The proximate composition of microalgae can have a major influence on the biogas productivity. For instance, lipid and protein play an important role in anaerobic digestion as they breakdown during the hydrolysis stage (Chen et al. 2008). High protein concentrations lead to the formation of ammonia compounds within the digester (Chen et al. 2008; McCarty 1964). Ammonia is produced from the bio­logical breakdown of nitrogenous matter (i. e. protein). High concentrations of ammonia being formed within the digester can lead to inhibition of the bacterial community (Buswell and Boruff 1932). Ammonia toxicity has been shown to affect the methanogenic bacteria in two separate ways. The first is by the ammonium ion directly inhibiting the methane synthesising enzyme.

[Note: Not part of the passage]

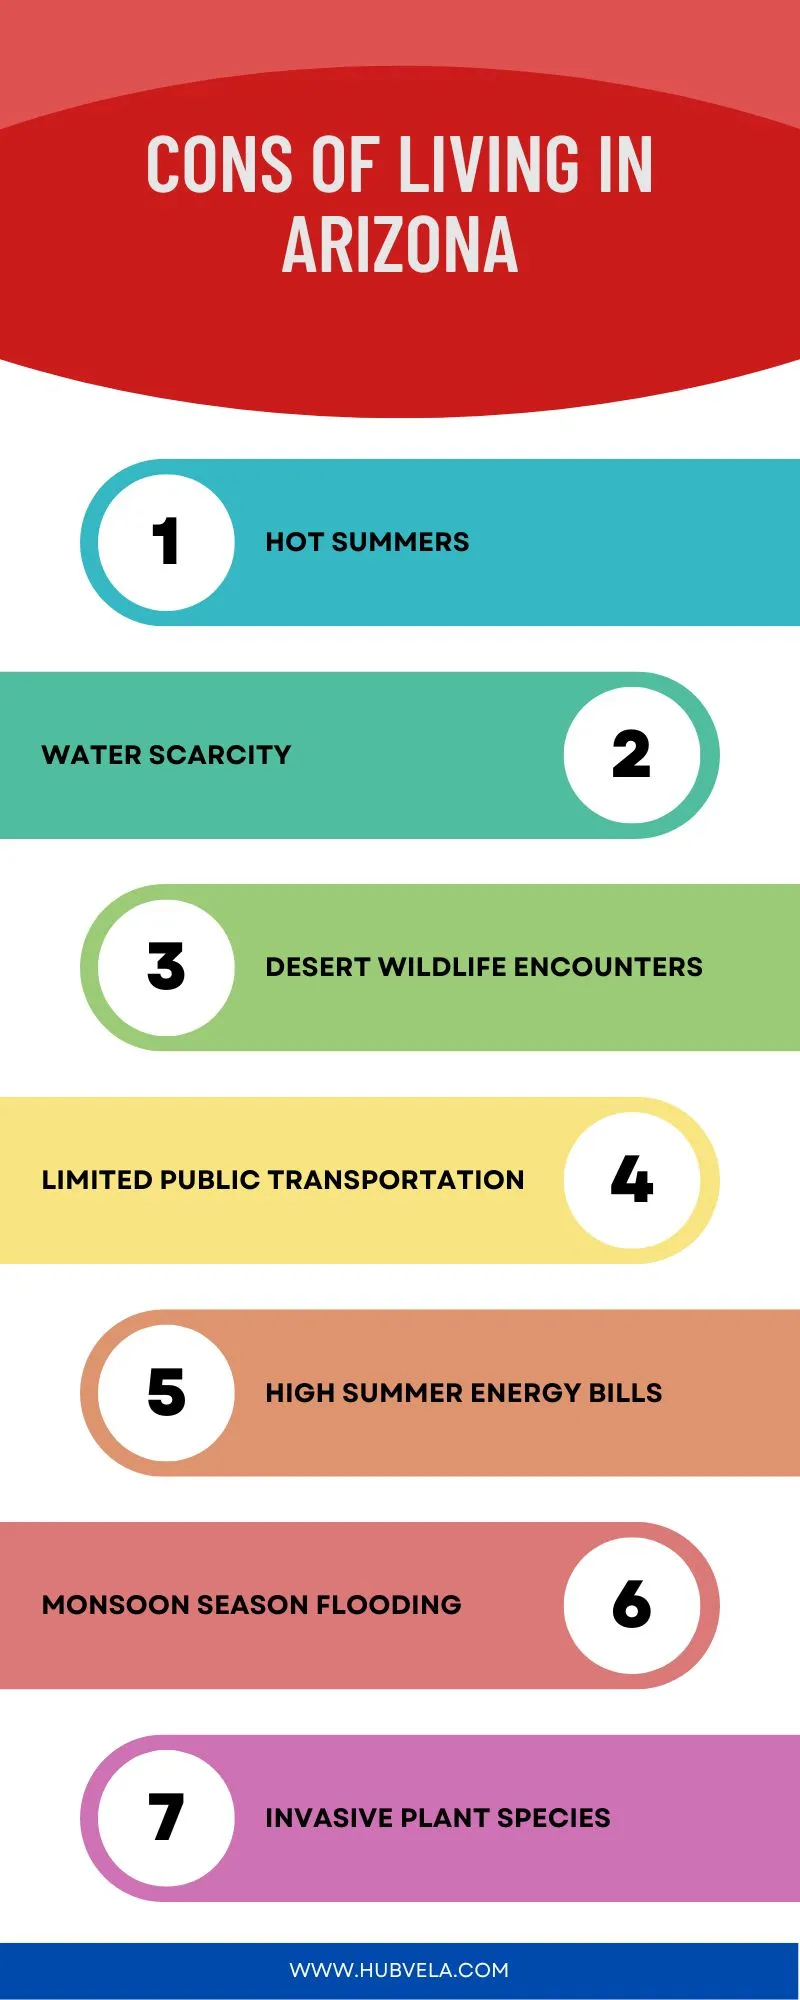 Cons of Living in Arizona Infographic

The second is by the hydro­phobic ammonia nitrogen (NH3-N) molecule diffusing passively into the bacterial cell causing an imbalance and/or a potassium deficiency within the microbial cell (Kayhanian 1999; Sialve et al. 2009; Ward et al. 2014). Furthermore, NH3-N in the gaseous form has been shown to be more toxic at lower concentrations than the aqueous ionised form (McCarty 1964). Ammonia is extremely toxic at levels above 3000 mg/L and can be moderately inhibitory at level of 1500-3000 mg/L (McCarty 1964). On the other hand, maintaining NH3-N concentrations between 50 and 200 mg/L have been shown to be beneficial for the bacterial population as ammonia nitrogen is an essential nutrient required by the microbial community (Parkin and Owen 1986). As the utilisation of volatile fatty acids must balance the production of volatile fatty acids by hydrolytic and acetogenic bacteria to maintain digester sta­bility, efficient digester performance is therefore dependant on maintaining the

NH3-N concentration below the inhibitory limits for all associated anaerobic digestion bacteria (McCarty 1964; Ward et al. 2014).